More formally, let split \(S\) divides \(n\) leaves into two partitions \(A\) and \(B\). The probability that a randomly chosen leaf \(x\) is in partition \(k\) is \(P(x \in k) = \frac{|k|}{n}\). \(S\) thus corresponds to a random variable with entropy \(H(S) = -\frac{|A|}{n} \log_2{\frac{|A|}{n}} - \frac{|B|}{n}\log_2{\frac{|B|}{n}}\) (Meila, 2007). The joint entropy of two splits, \(S_1\) and \(S_2\), corresponds to the entropy of the association matrix of probabilities that a randomly selected leaf belongs to each pair of partitions:

  \(S_1: x \in A_1\) \(S_1: x \in B_1\)
\(S_2: x \in A_2\) \(P(A_1,A_2) = \frac{|A_1 \cap A_2|}{n}\) \(P(B_1,A_2) = \frac{|B_1 \cap A_2|}{n}\)
\(S_2: x \in B_2\) \(P(A_1,B_2) = \frac{|A_1 \cap B_2|}{n}\) \(P(B_1,B_2) = \frac{|B_1 \cap B_2|}{n}\)

\(H(S_1, S_2) = P(A_1,A_2) \log_2 {P(A_1,A_2)} + P(B_1,A_2) \log_2 {P(B_1,A_2)}\)

\(+ P(A_1,B_2)\log_2{P(A_1,B_2)} + P(B_1,B_2)\log_2{P(B_1,B_2)}\)

These values can then be substituted into the definitions of mutual information and entropy distance given above.

As \(S_1\) and \(S_2\) become more different, the disposition of \(S_1\) gives less information about the configuration of \(S_2\), and the mutual information decreases accordingly.

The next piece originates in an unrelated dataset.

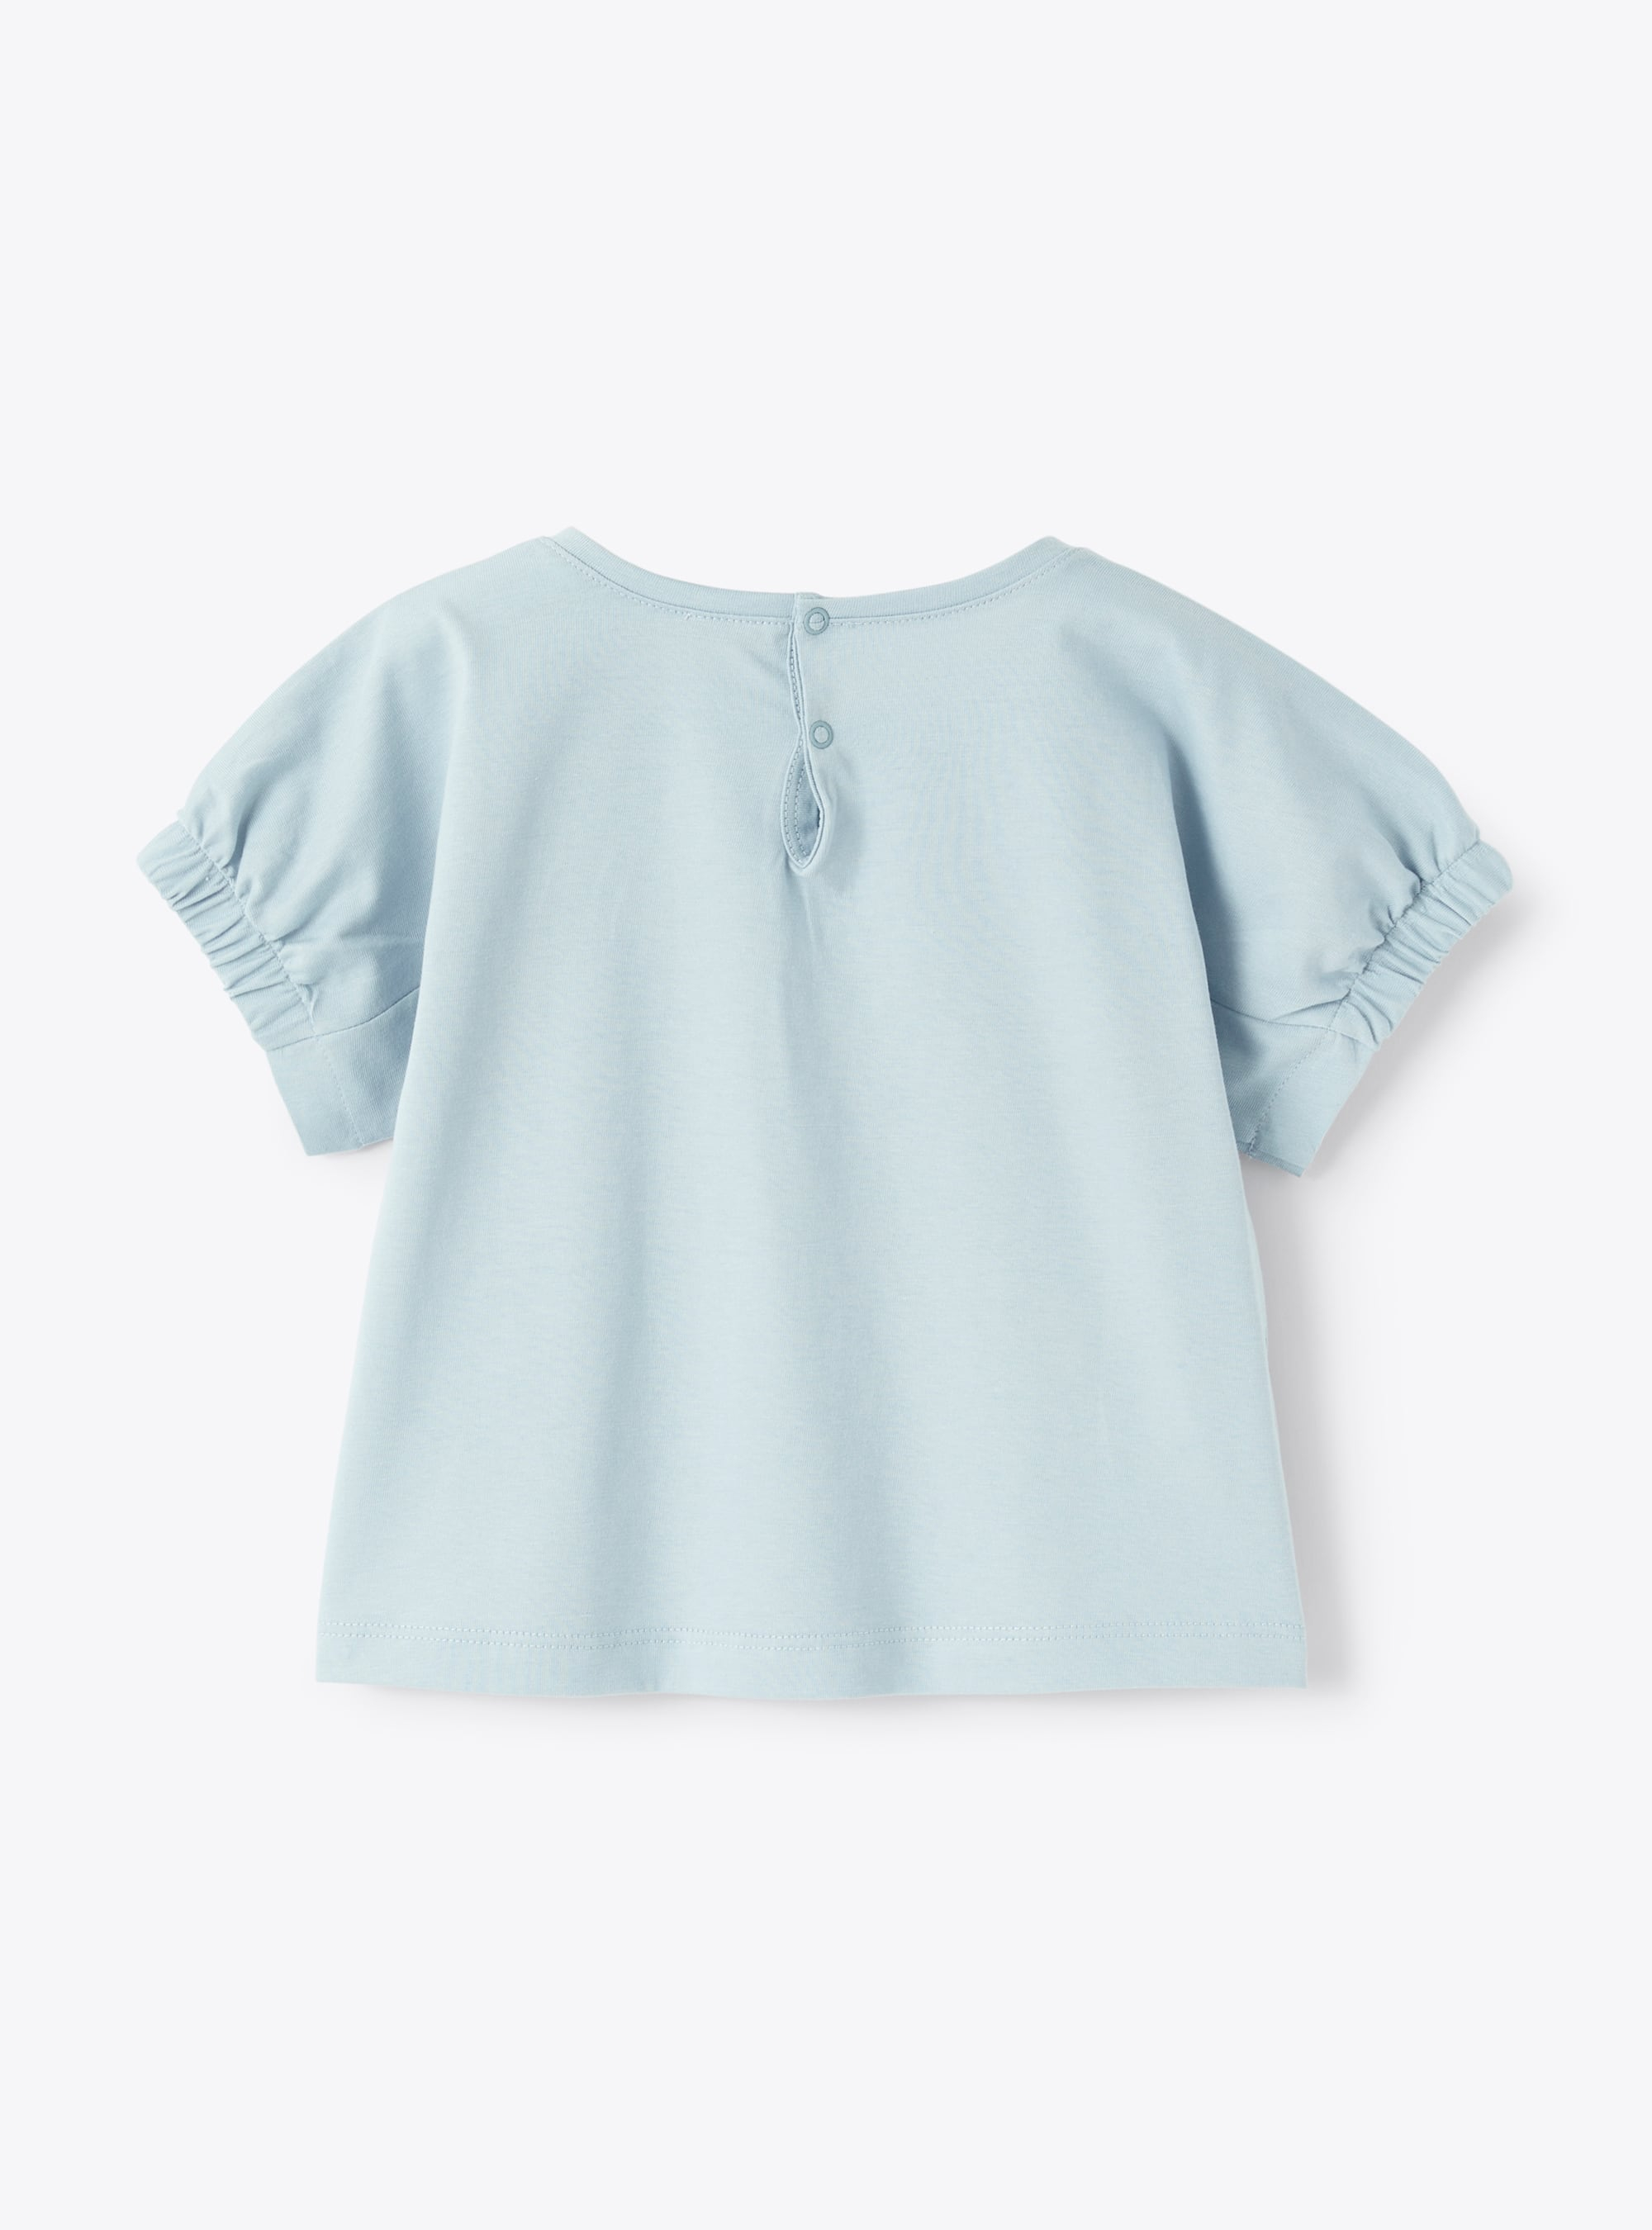 T-shirt celeste a manica corta celeste - Azzurro | Il Gufo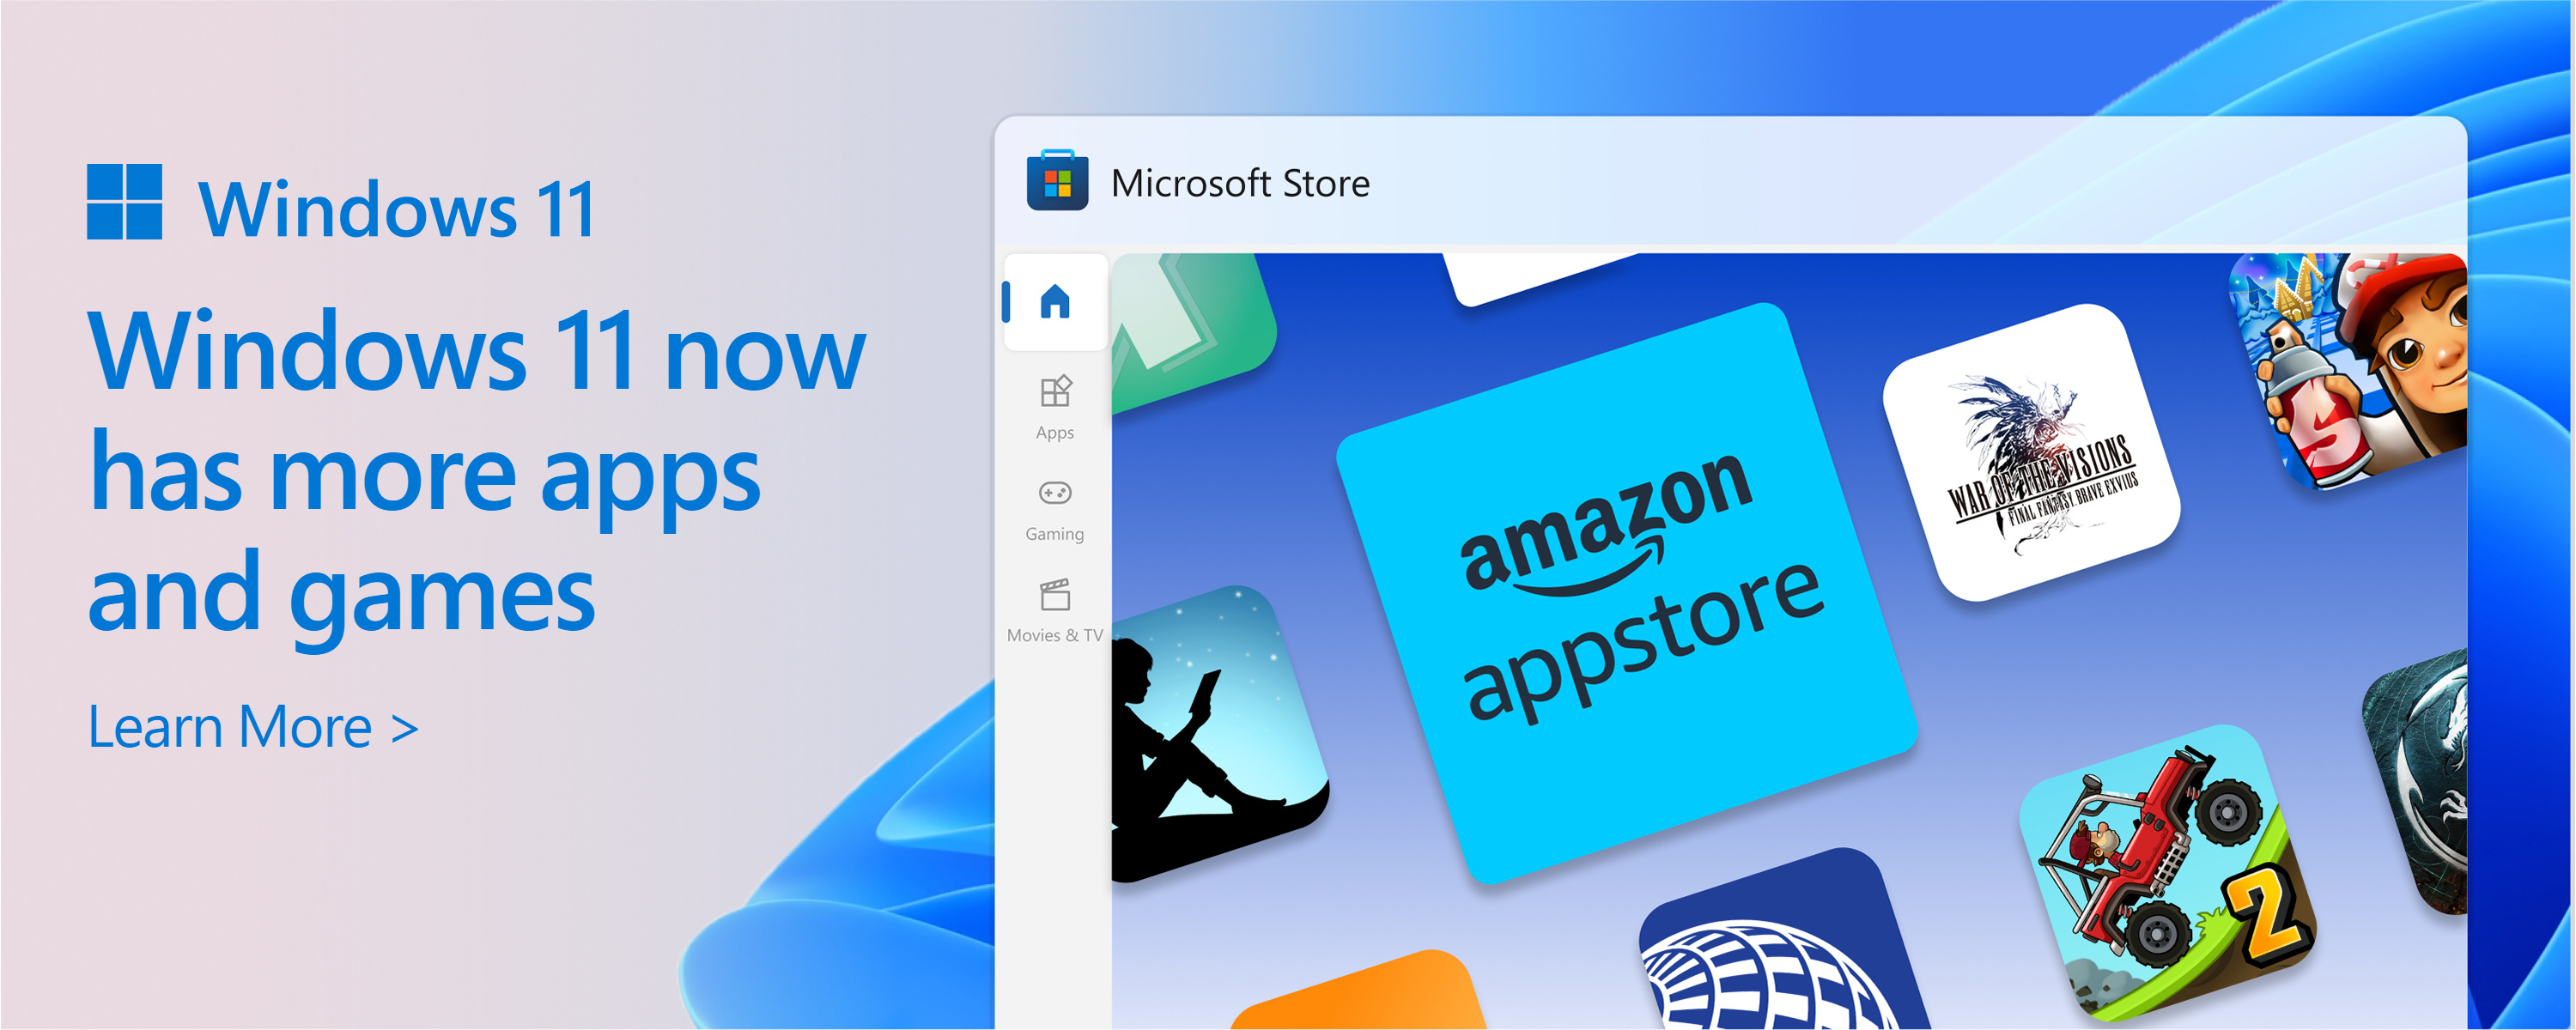 لقطة شاشة ل Microsoft Store مع النص: يتزايد كتالوج Microsoft Store. يمنحك Windows 11 المزيد من التطبيقات والألعاب التي تريدها وتحتاج إليها.

MacKay, D. J. C. (2003). Information theory, inference, and learning algorithms. Cambridge: Cambridge University Press. Retrieved from
Meila, M. (2007). Comparing clusterings—an information based distance. Journal of Multivariate Analysis, 98(5), 873–895. doi:10.1016/j.jmva.2006.11.013
Shannon, C. E. (1948). A mathematical theory of communication. Bell System Technical Journal, 27, 379–423, 623–656.
Steel, M. A., & Penny, D. (2006). Maximum parsimony and the phylogenetic information in multistate characters. In V. A. Albert (Ed.), Parsimony, phylogeny, and genomics (pp. 163–178). Oxford: Oxford University Press.